ひとりで抱え込まず、データを見て「同じように感じている人がいる」と知るだけでも、心は軽くなります。あなたの違和感は、決して間違ったものではありません。現状を客観的に捉え直すための材料として、これらのデータを参考にしてください。


あなたの時間を守ることは、自分自身を守ること

「利用者のために」というあなたの優しさが、職場の人手不足や効率優先の運営によって搾取され続けることは、決してあってはならないことです。ここまで見てきたデータが示す通り、不払い残業が常態化している環境は、働く人の心を疲弊させ、離職へと追い込む大きなリスクを孕んでいます。

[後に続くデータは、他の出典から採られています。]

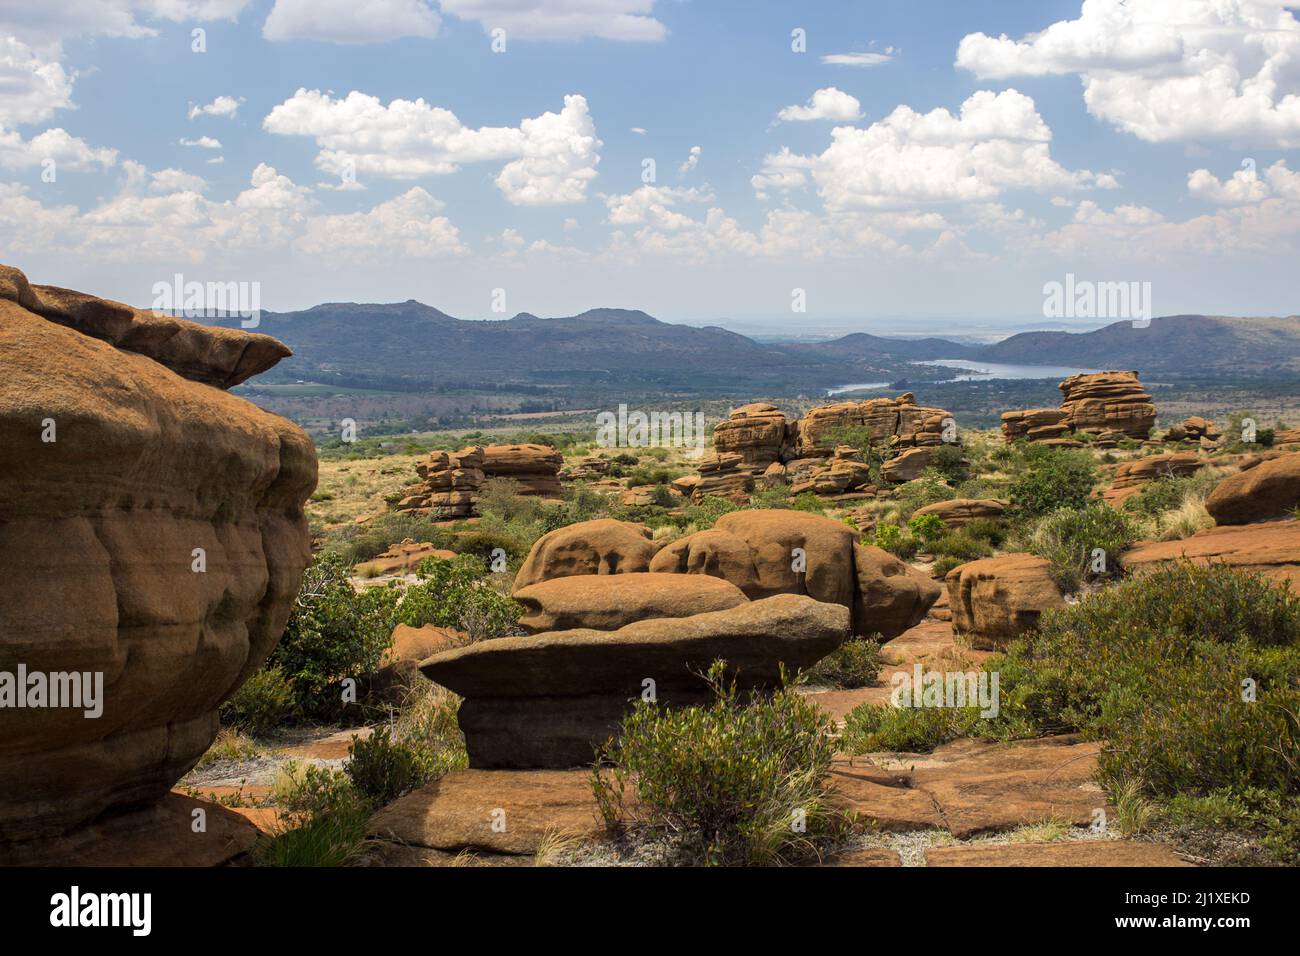 The boulder strewn landscape of the Magaliesberg mountains in South Africa Stock Photo
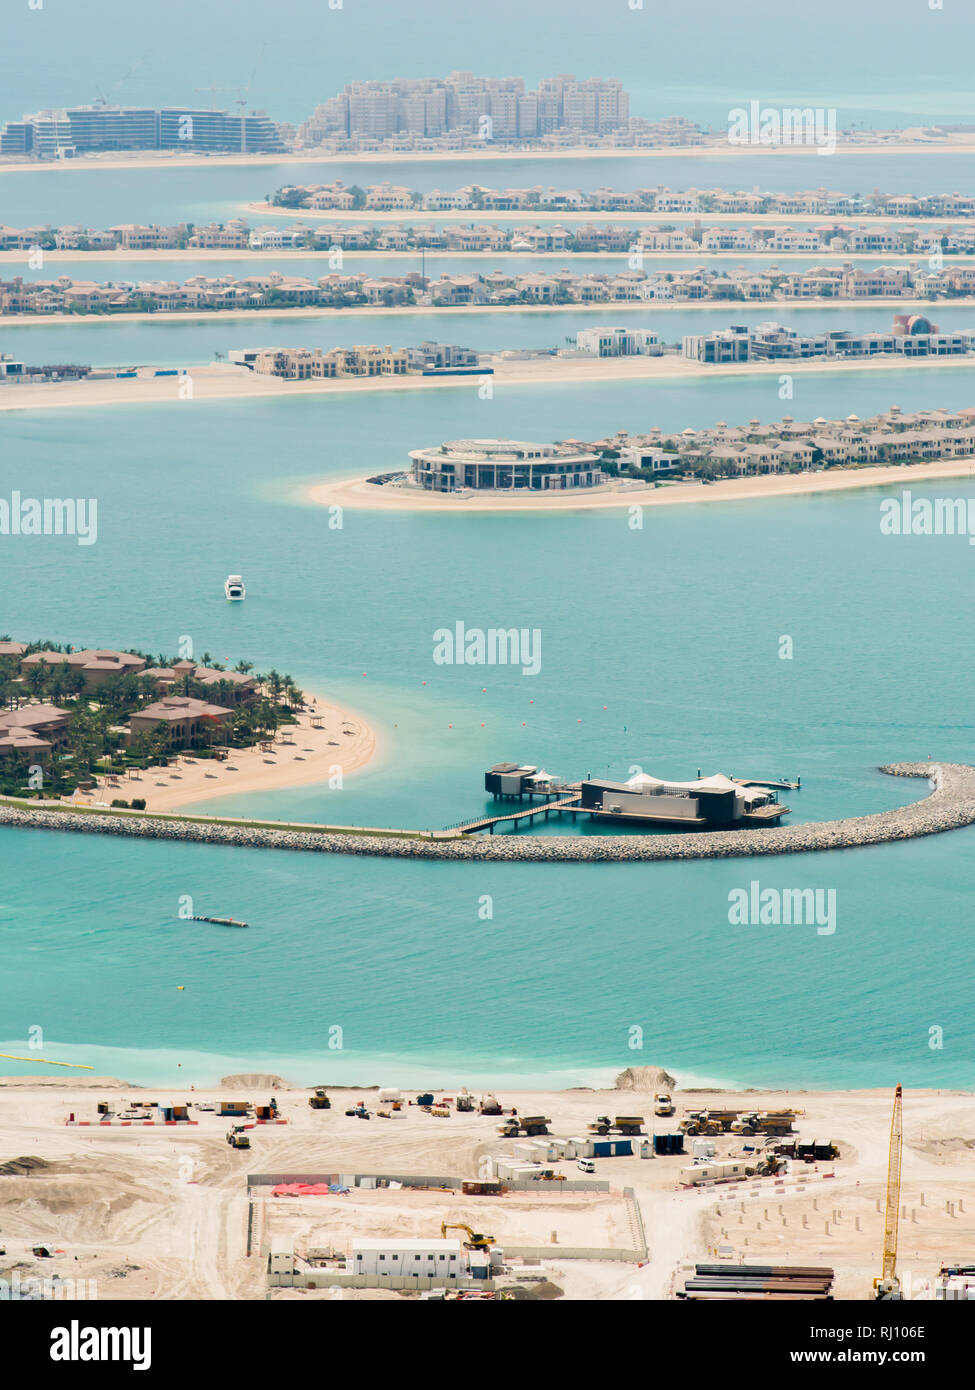 View on residential buildings on Palm Jumeirah island. The Palm Jumeirah is an artificial archipelago in Dubai emirate. Stock Photo

明日からすぐに環境を変えることは難しいかもしれません。ですが、まずは「自分が毎日何分、サービス残業をしているか」を手帳やメモに残すことから始めてみてください。自分の時間がどれだけ削られているかを可視化するだけでも、現状を冷静に見つめ直し、「この働き方は当たり前ではない」と気づくきっかけになります。

どうしても辛くなったときは、環境を変える選択肢があることを忘れないでください。自分自身の生活と時間を大切にできる場所を選ぶことは、プロの介護士として長く働き続けるための、賢明で勇気ある決断です。

最後までご覧いただきありがとうございます。この記事がお役に立てれば幸いです。